`iio_event_getfd()` creates the event file descriptor with
`anon_inode_getfd()`, which allocates a new fd, creates the anonymous
file and installs it in the process fd table before returning to the
caller.
The IIO code resets the event FIFO after `anon_inode_getfd()` has returned,
but before `IIO_GET_EVENT_FD_IOCTL` has copied the fd number to userspace.
But since fd tables are shared between threads, another thread can guess
the newly allocated fd number and issue a `read()` on it as soon as the fd
has been installed.
This means the `kfifo_to_user()` in `iio_event_chrdev_read()` can run in
parallel with the `kfifo_reset_out()` in `iio_event_getfd()`.
The kfifo documentation says that `kfifo_reset_out()` is only safe when it
is called from the reader thread and there is only one concurrent reader.

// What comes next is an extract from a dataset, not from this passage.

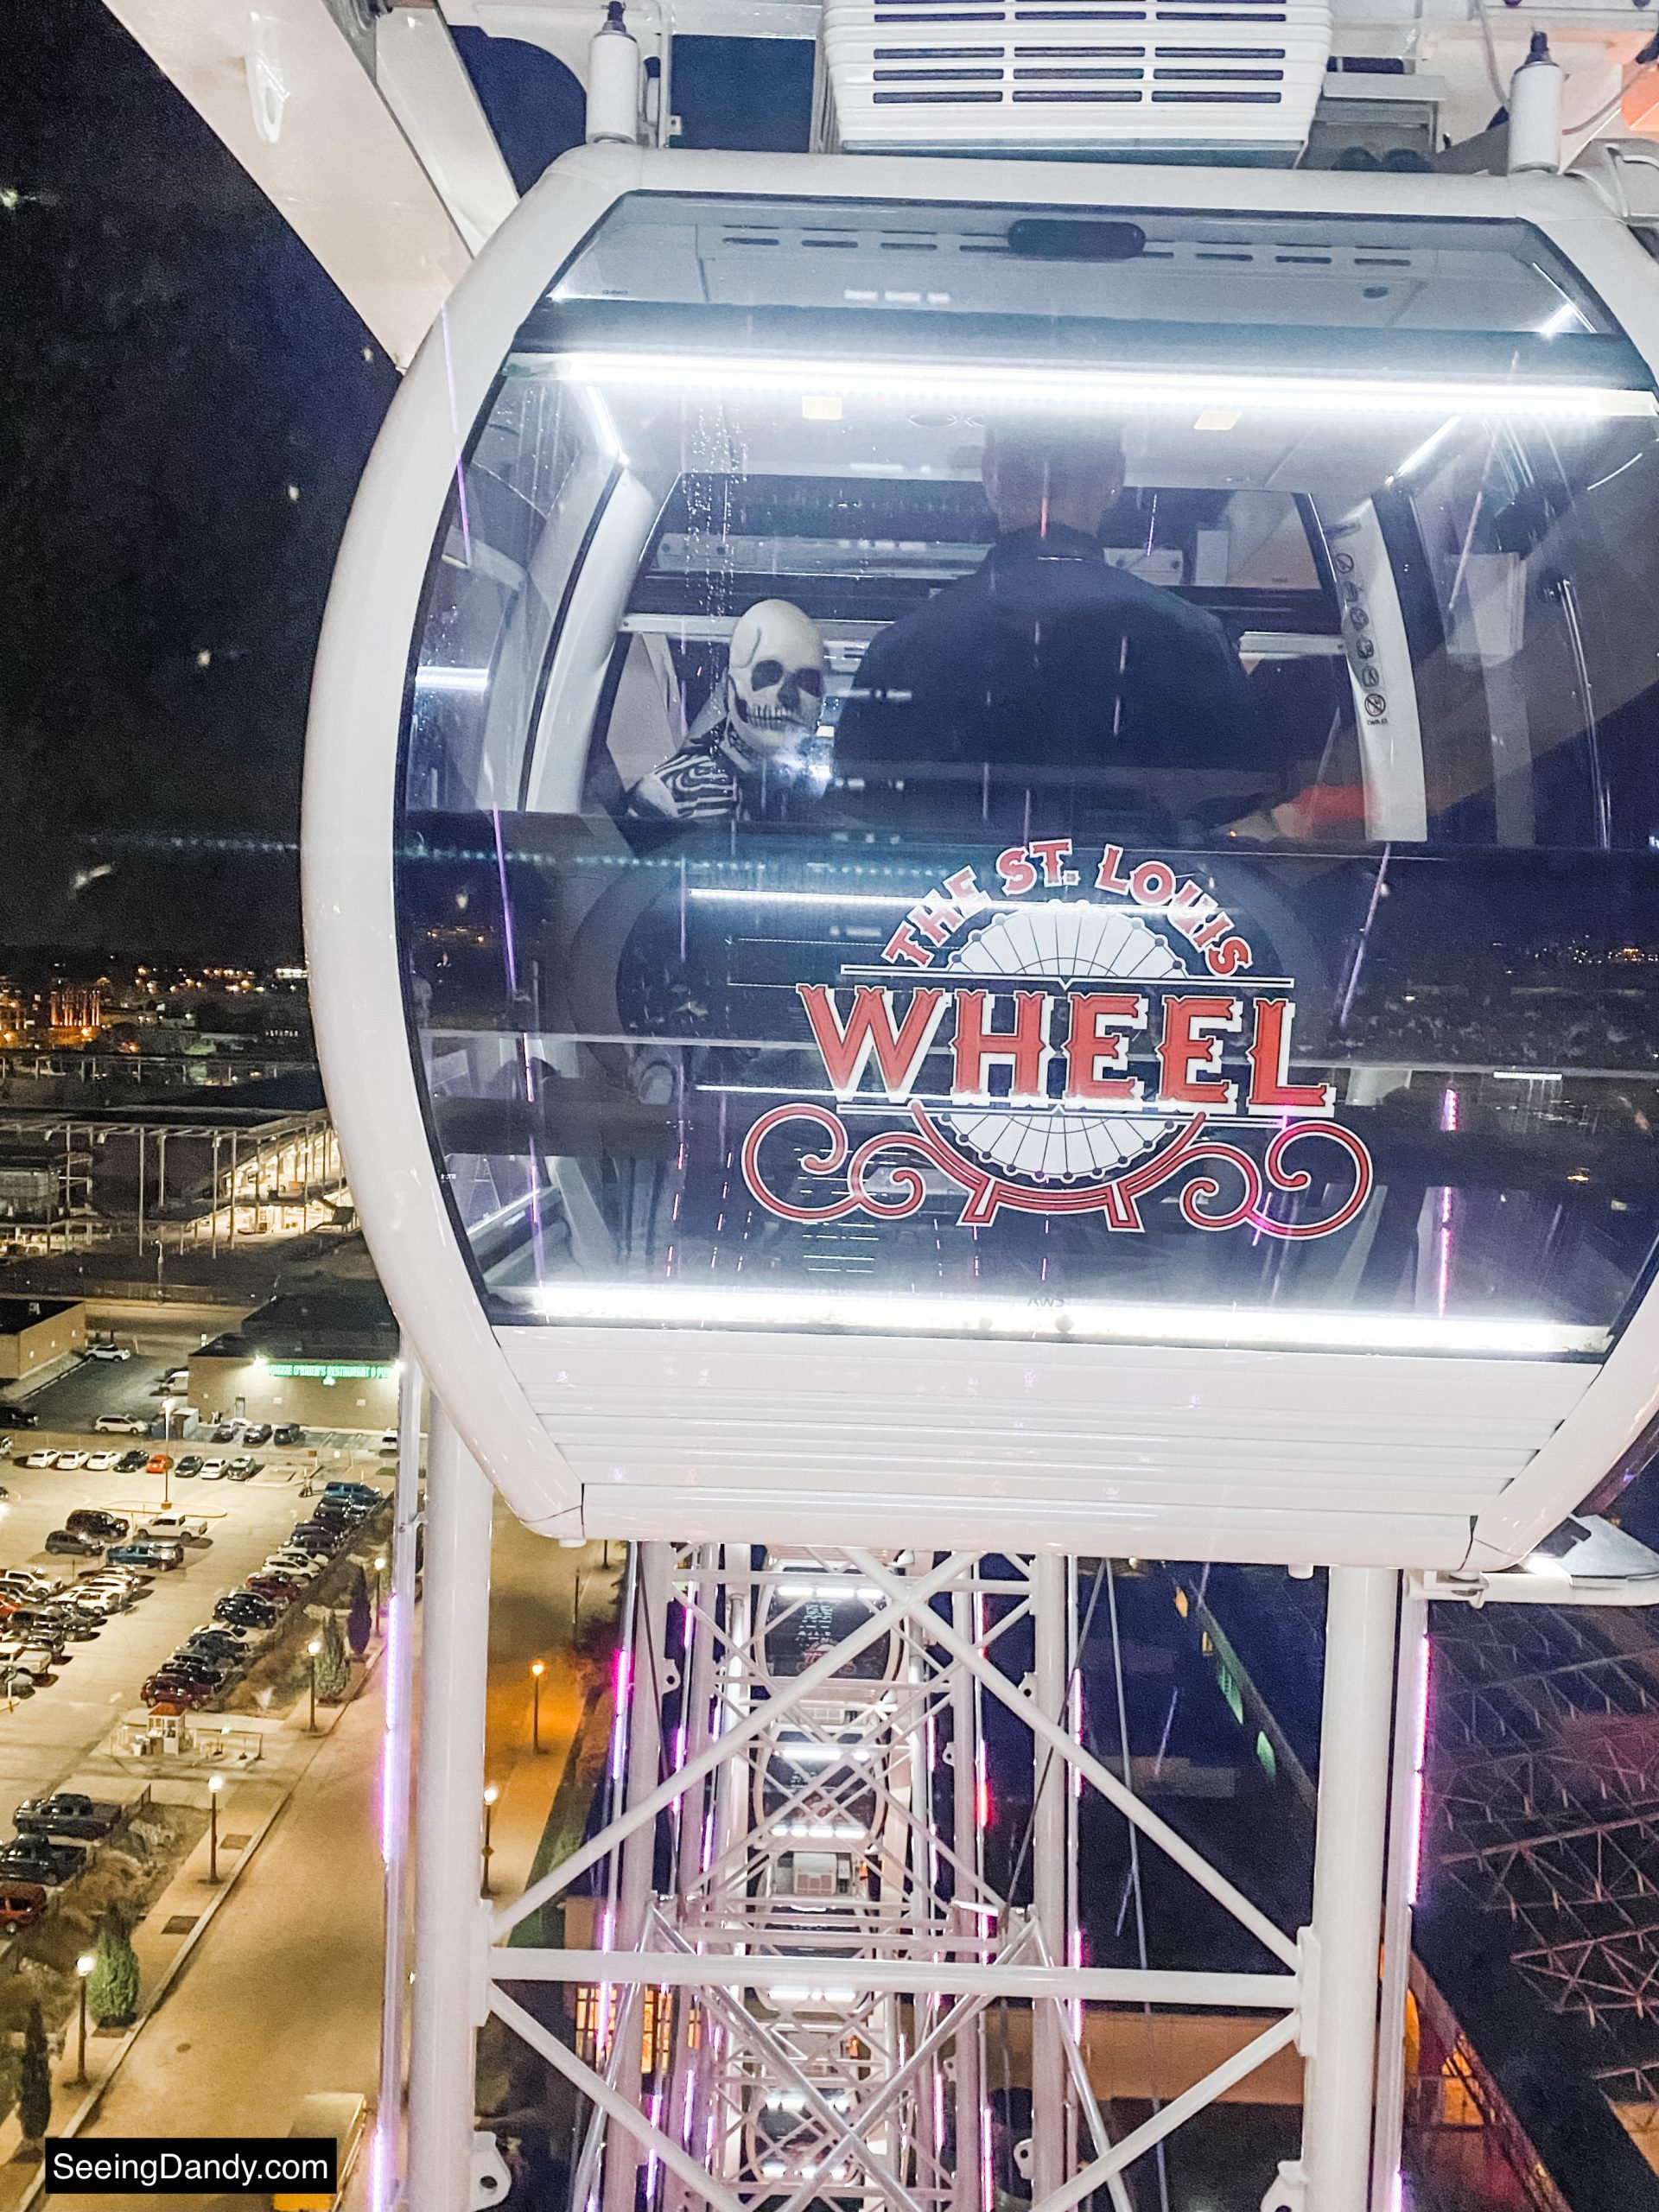 skeleton riding on the st. louis wheel gondola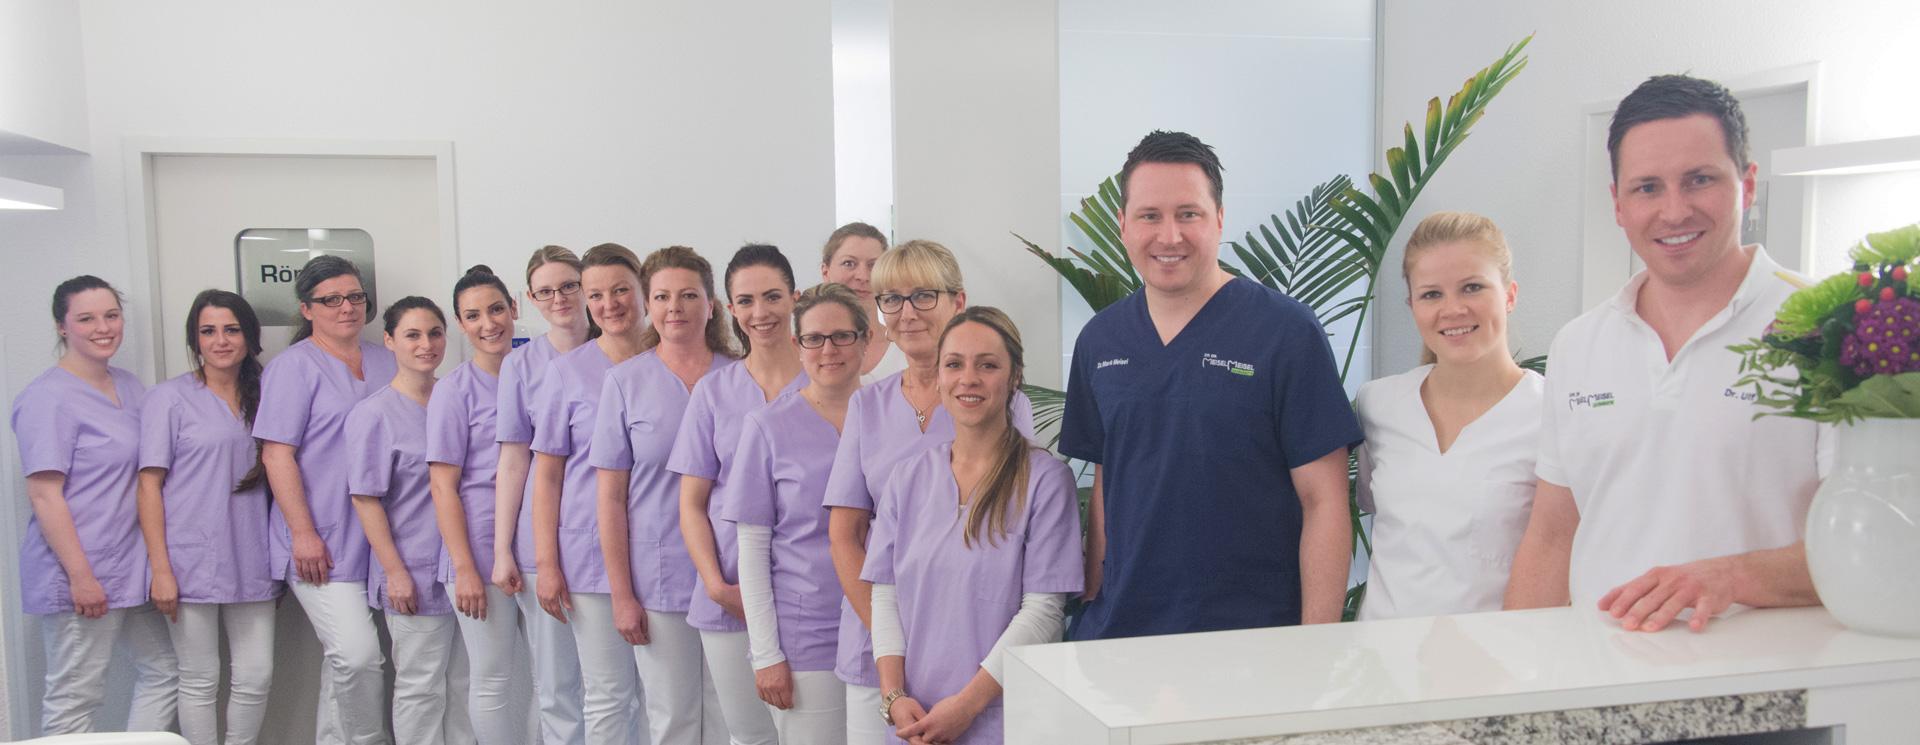 Zahnarzt Nürnberg | Praxisteam Dres. Meisel

Otherwise it is dangerous and must be handled in the same way as
`kfifo_reset()`.
If that happens, `kfifo_to_user()` can advance the FIFO `out` index based
on state from before the reset, after the reset has already moved the `out`
index to the current `in` index. That can leave the FIFO with an `out`
index past the `in` index. A later `read()` can then see an underflowed
FIFO length and copy more data than the event FIFO buffer contains. This
can result in an out-of-bounds read and leak adjacent kernel memory to
userspace.
Move the FIFO reset before `anon_inode_getfd()`. At that point the event fd is
marked busy, but the new fd has not been installed yet, so userspace cannot
access it while the FIFO is reset.
Fixes: b91accafbb10 ("iio:event: Fix and cleanup locking")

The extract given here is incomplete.